Гергиев овладел "Кольцом"
       Валерий Гергиев начал восхождение к пику вагнеризма: в Мариинском театре состоялась премьера "Золота Рейна", первой оперы тетралогии "Кольцо нибелунга" в постановке Йоханнеса Шаафа и Готфрида Пильца. Из Петербурга — ОЛЬГА Ъ-МАНУЛКИНА.

       "Кольца" ждали несколько лет — с самого начала всеобщей гергиевской вагнеризации. К ожиданию примешивались страхи. В циклопической постройке "Кольца" на фундаменте мифологической концепции громоздятся запутанные лабиринты лейтмотивов, в потайных комнатах прячутся призраки, с которыми впору разобраться только предсказанному Вагнером психоанализу, а с башен замка слышны мощные кличи валькирий, на которые способны лишь вагнеровские сопрано и альты.

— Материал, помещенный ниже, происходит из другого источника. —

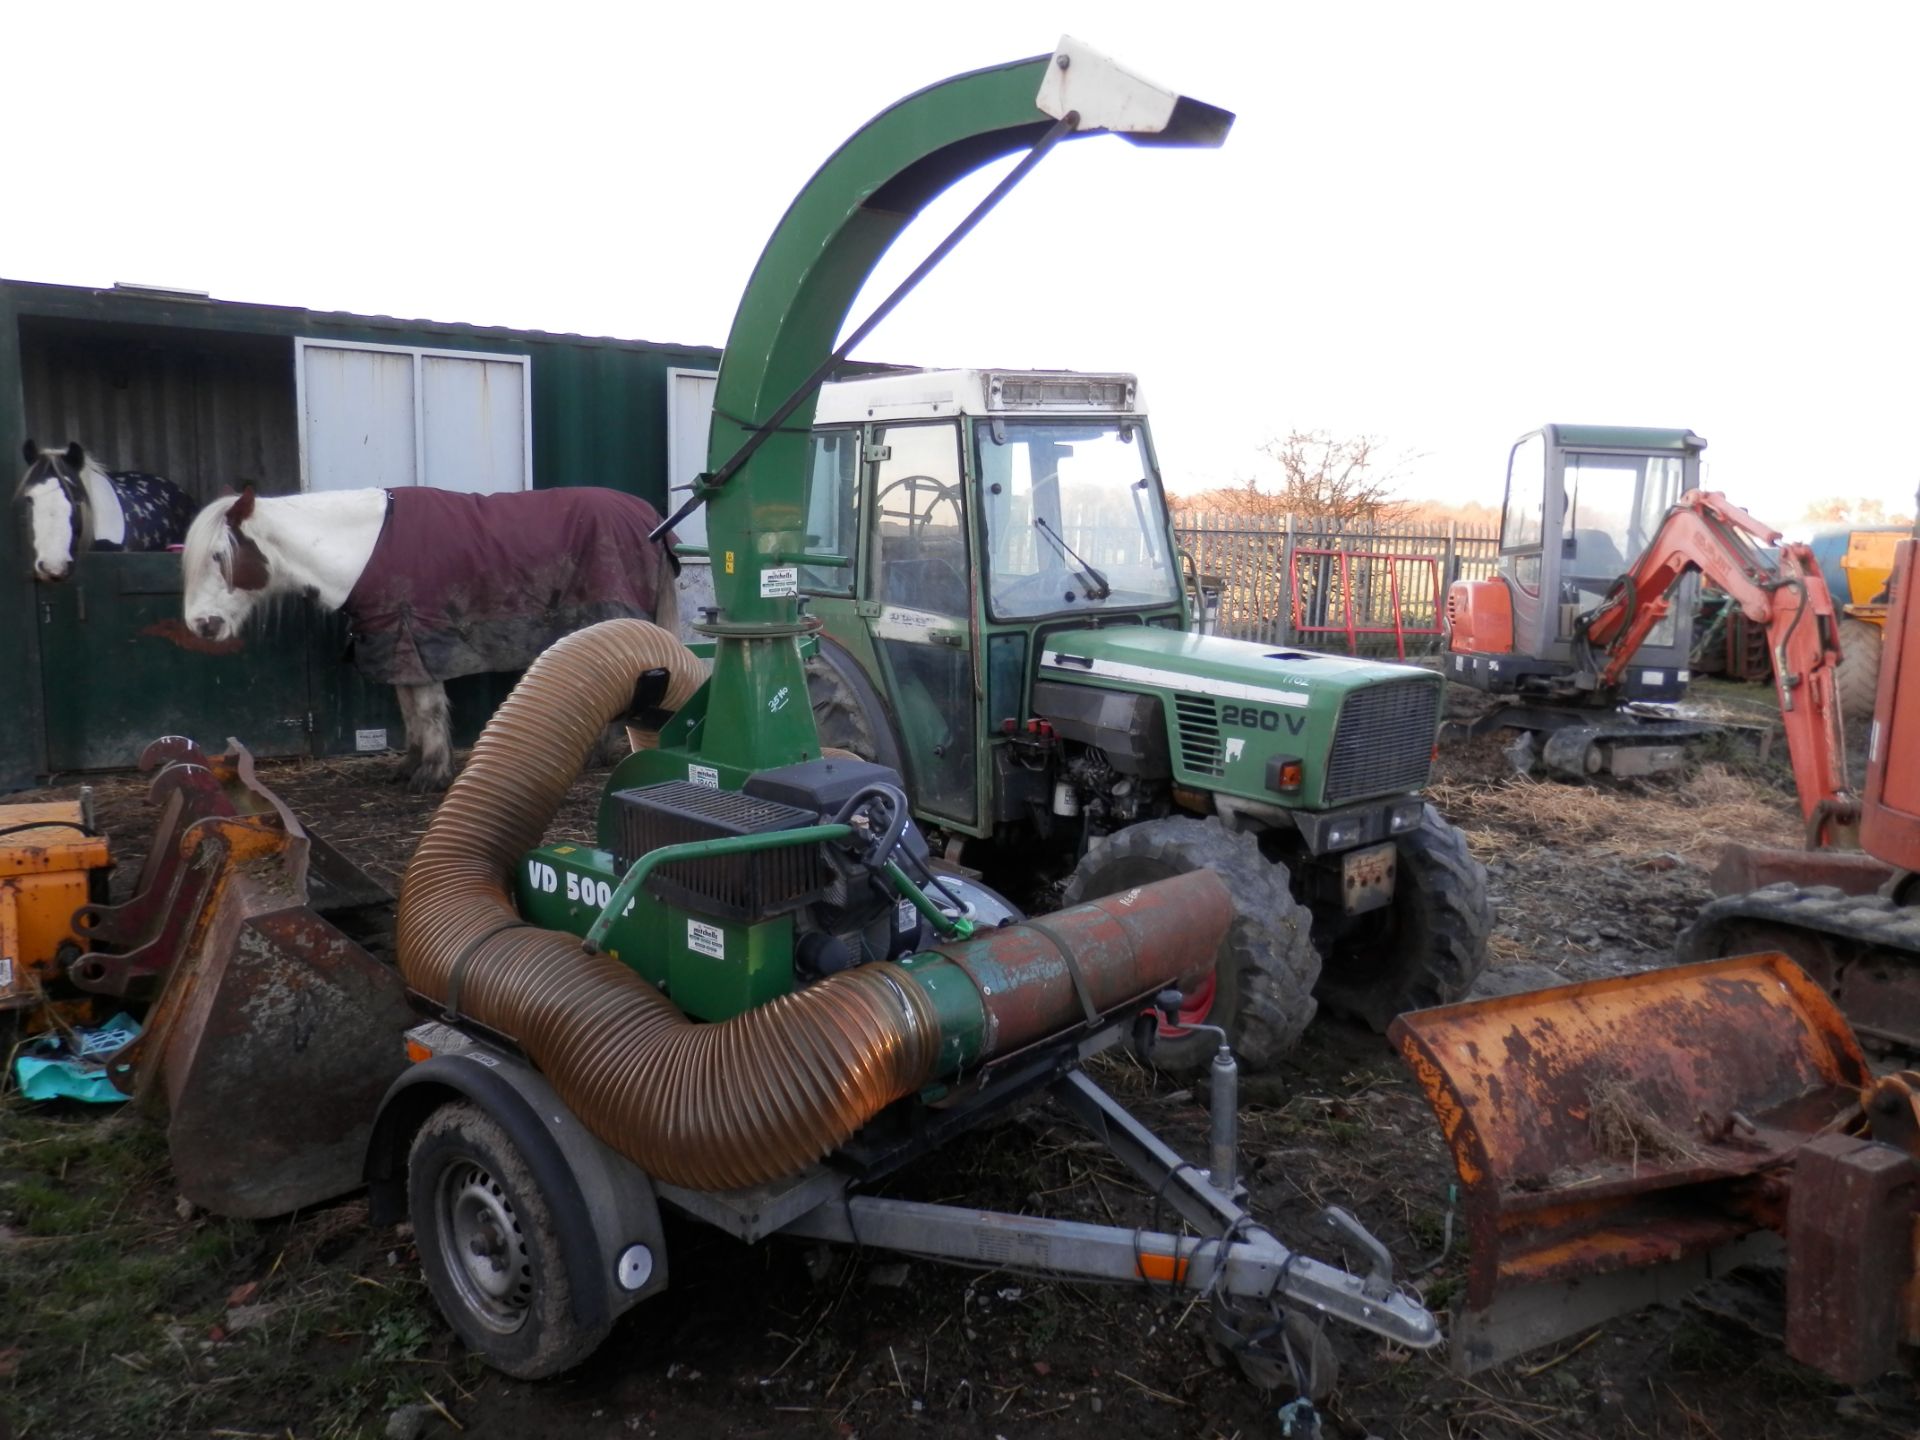 2007 MAJOR GRASSCARE VD 500P HORSE MANURE HOOVER/BLOWER, ALL WORKING.

       Ко всему этому прилагаются сценические ремарки, которые особенно в "Золоте Рейна" выглядят прорывом к будущему искусству кинематографа, а в XIX веке должны были восприниматься как изощренный садизм: "Дно Рейна... Вверху видно течение реки...Посреди сцены возвышается скала... Вокруг нее грациозно плавает и кружится одна из дочерей Рейна..." И вот Валерий Гергиев, взяв на себя роль водного божества, погнал рейнские воды по мариинской оркестровой яме — и надпись на световом табло "В глубине Рейна" оказалась излишней. В голубом сумраке за прозрачным занавесом, переливаясь чешуей струящихся концертных платьев и не делая попытки "грациозно плавать", возлежали три златовласые русалки. В наличие ног у них невозможно было поверить даже тогда, когда они, скользя по наклонному кругу сцены, кружились вокруг золотого шара или удирали от похотливого карлика.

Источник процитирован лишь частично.